# autosmart wax



## 11alan111 (Dec 29, 2011)

ive heard some good things about autosmart wax has anyone got experience of this wax is it any good


----------



## Serapth (Jul 4, 2011)

Very easy to use, cures really quick and buffs off effortlessly. Gives fairly good durability for the price too.


----------



## Trip tdi (Sep 3, 2008)

This wax has a place the sector, but its a trade product not for the retail market with four different blends of different waxes, gives a glass shimmer to the paint, i have spoken to loads on here and they all say its a great wax for the money, Theres a view threads on here where people have detailed their cars from to a to z, and used this as this lsp for choice, it certainly does bring a glass effect to the paint, something like vics concours.
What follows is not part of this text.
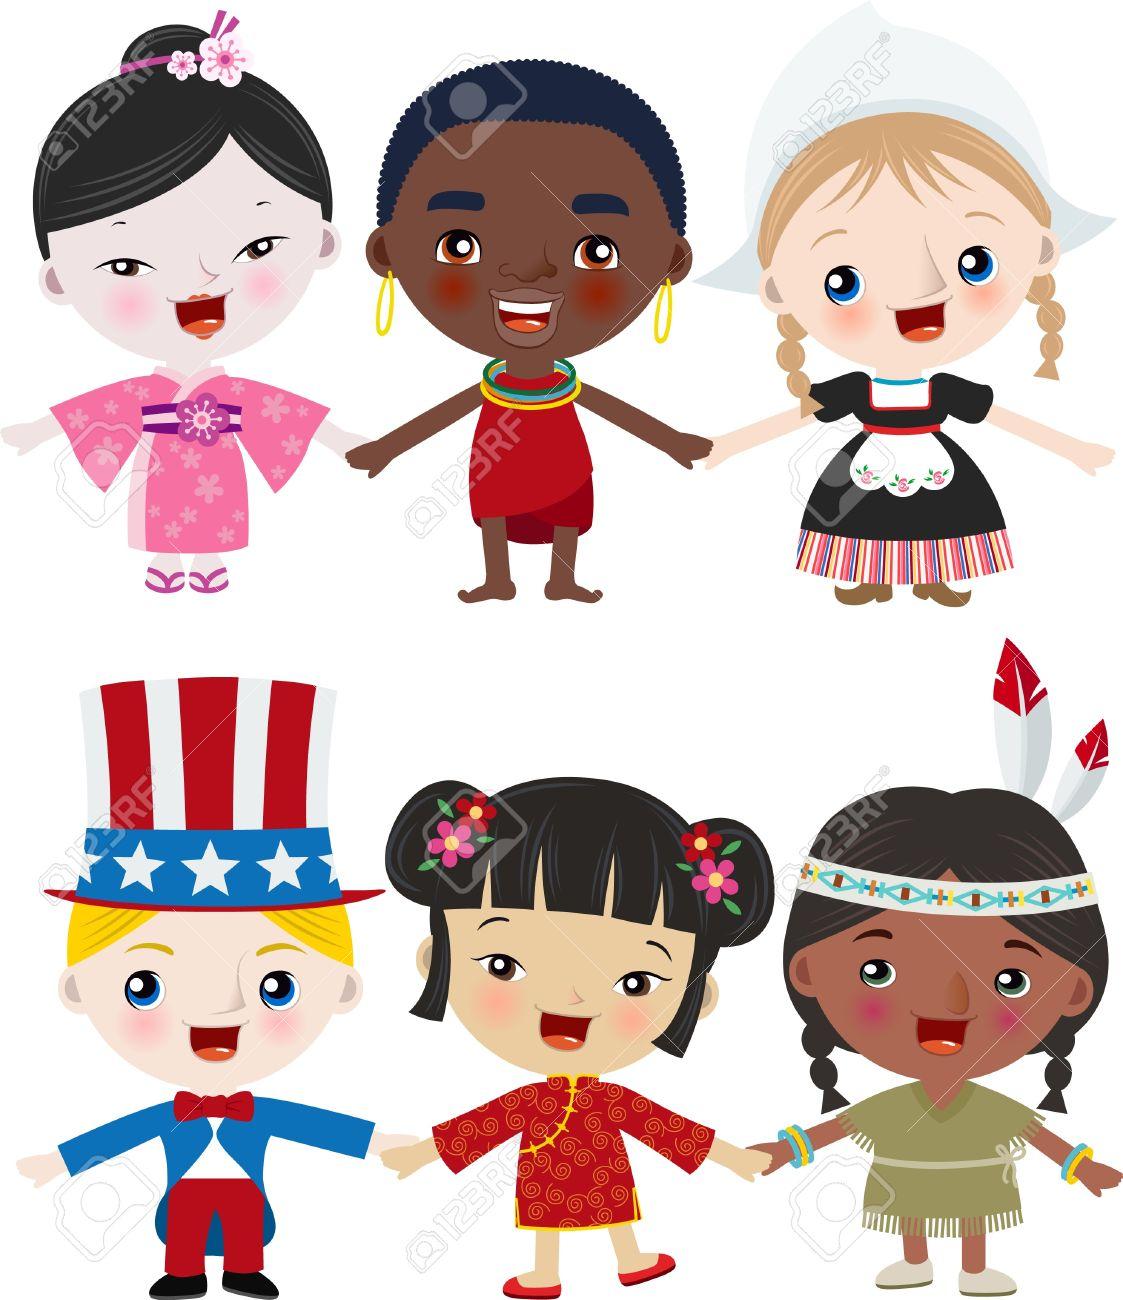 Multicutural Kids Stock Vector - 14099479

Don't be fooled, this wax will deliver in performance and looks, especially when compared to higher end waxes on the market, it's something special.


----------



## Trip tdi (Sep 3, 2008)

Well this thread has not been updated since my last visit on here, so i thought add another wax to the list, jut remembered seeing a few threads on here, but i have not tried this wax, its called autobright obsession, gets reviews on here, by the gloss and the durability of the wax, not often mentioned on here as it's a new product, but i thought i would add this in too the collection to keep this thread for the op going in the right lane, so he / she has plenty of choices.
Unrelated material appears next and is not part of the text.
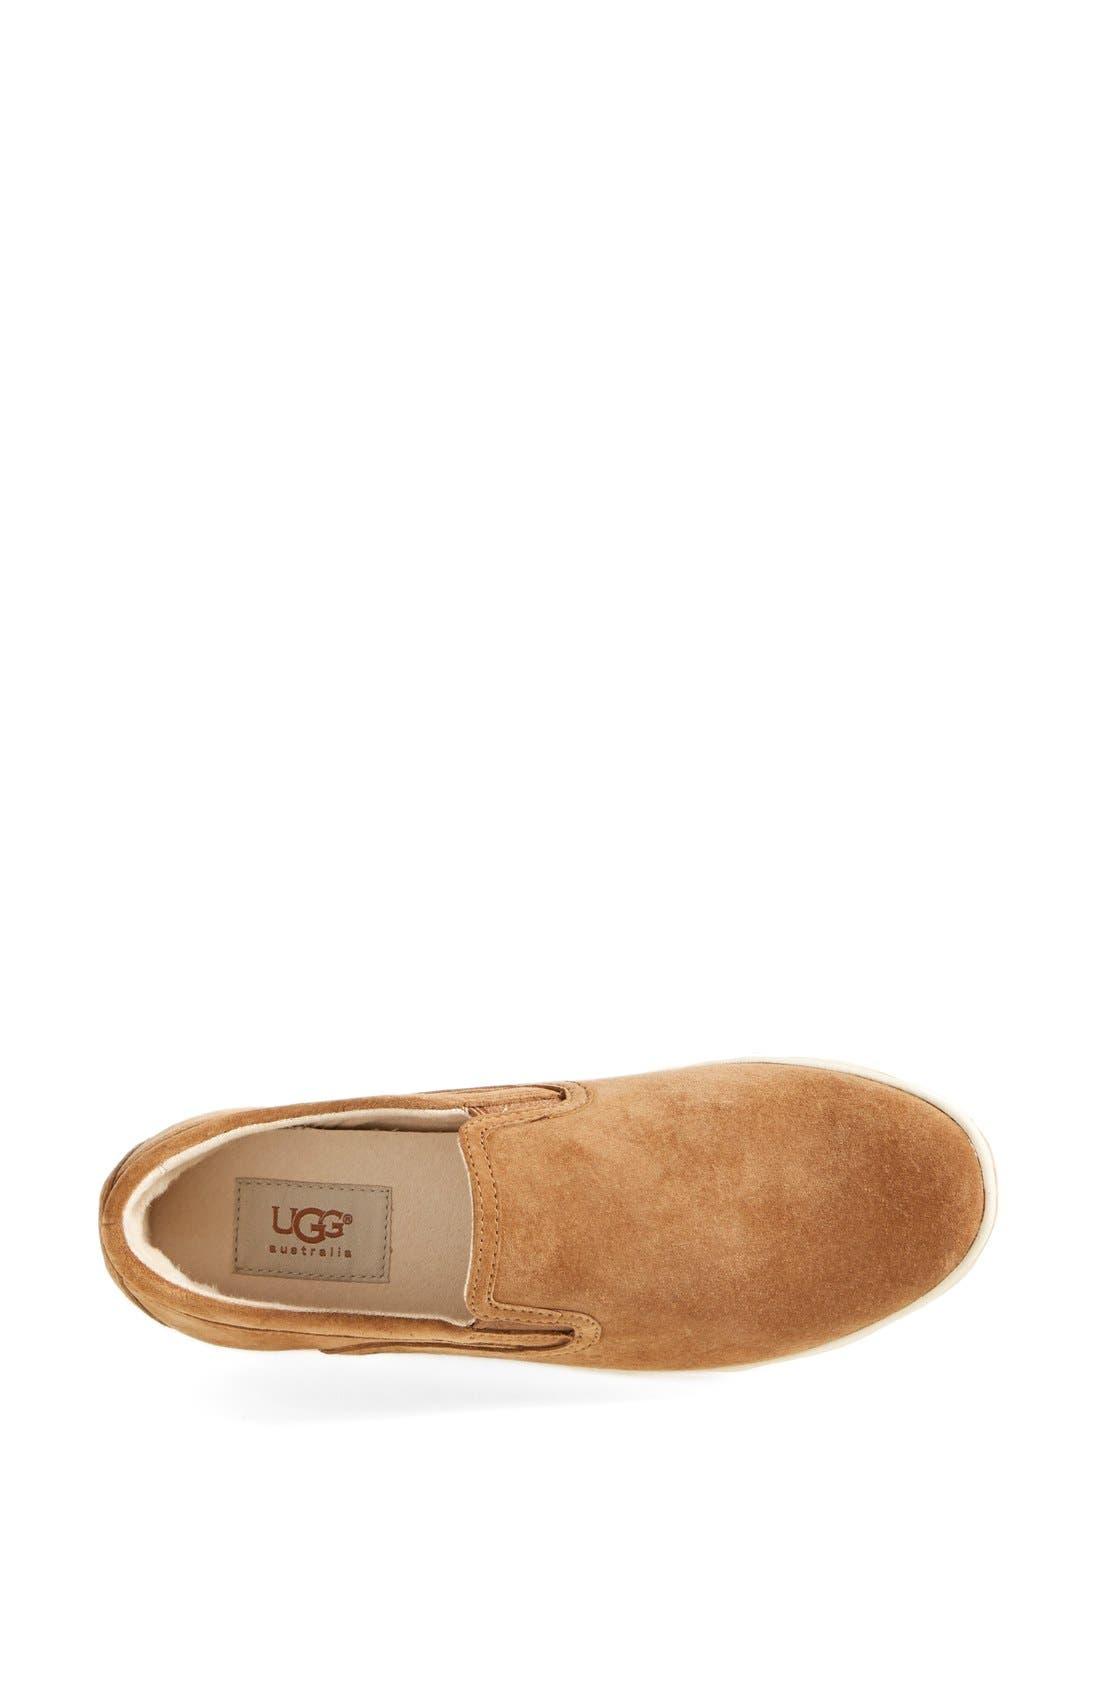 UGG<SUP>®</SUP>, Fierce Water Resistant Suede Slip-On Sneaker, Alternate thumbnail 3, color, 219

Others may suggest bouncers 22, autofinesse soul and vics concours, so you are aware where this thread is heading.

You have alot of choices on here, and i hope this helps.


----------



## 11alan111 (Dec 29, 2011)

thanks for your help it is appreciated but im undecided on vics red or autosmat wax the autosmart is cheaper but i suppose cheap is not always the best


----------



## Trip tdi (Sep 3, 2008)

11alan111 said:


> thanks for your help it is appreciated but im undecided on vics red or autosmat wax the autosmart is cheaper but i suppose cheap is not always the best


Don't think that, end of the day, any wax on the market has a certain target price for making ends meet, but vics concours for many years on here does get a very strong reputation on here, but i can't comment on the wax as i have not tried the wax.
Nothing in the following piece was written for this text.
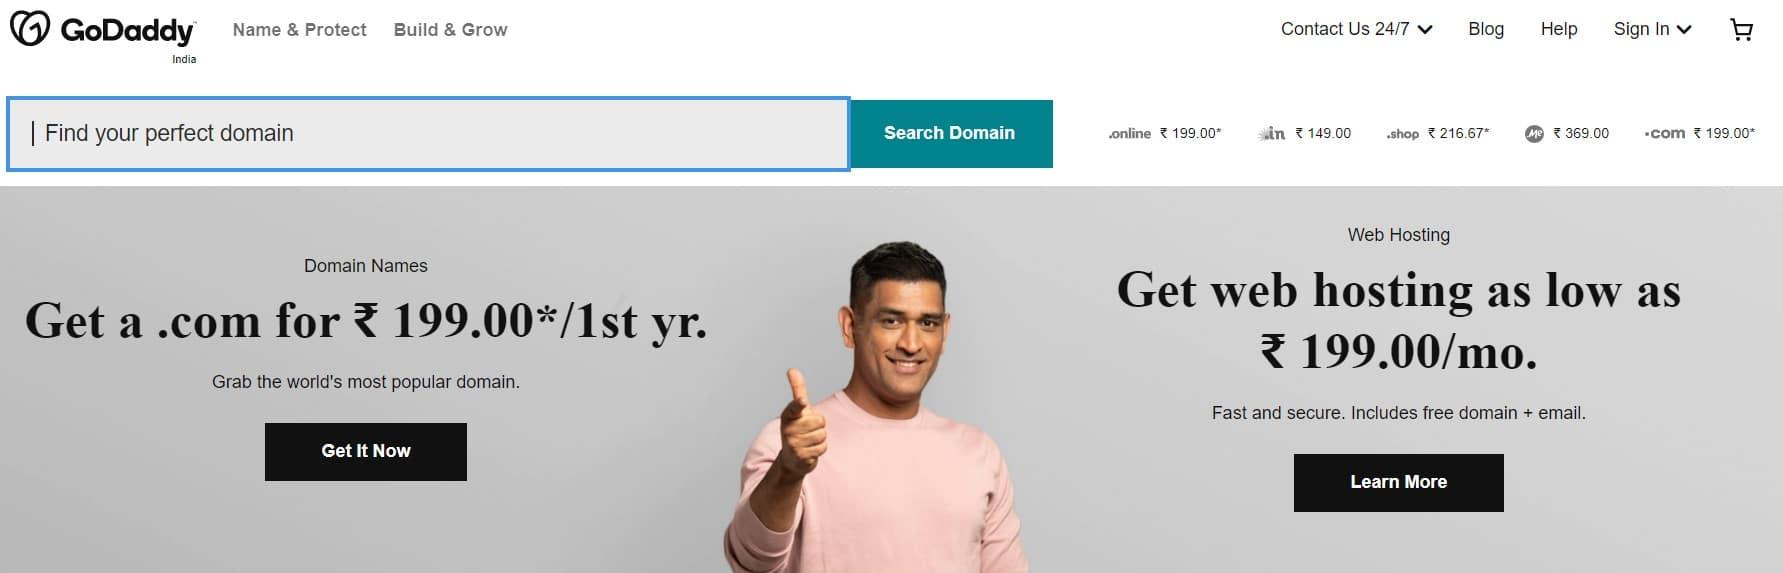 Step1: Buy Domain Name from GoDaddy

At the end of the day collinite 476 is a very strong durable wax, and a tin will last you easily several years or even more, plus its 16 pound on the market, compare this wax to double or three times the price, the durability is there, you know your car is in safe hands with durability, its protected.

Even a tub of automsart wax will last you very well, although it a different wax on the market as it contains four different ingredients, and is easy to apply and buff off.


----------



## 11alan111 (Dec 29, 2011)

Trip tdi said:


> Don't think that, end of the day, any wax on the market has a certain target price for making ends meet, but vics concours for many years on here does get a very strong reputation on here, but i can't comment on the wax as i have not tried the wax.
> 
> At the end of the day collinite 476 is a very strong durable wax, and a tin will last you easily several years or even more, plus its 16 pound on the market, compare this wax to double or three times the price, the durability is there, you know your car is in safe hands with durability, its protected.
> 
> Even a tub of automsart wax will last you very well, although it a different wax on the market as it contains four different ingredients, and is easy to apply and buff off.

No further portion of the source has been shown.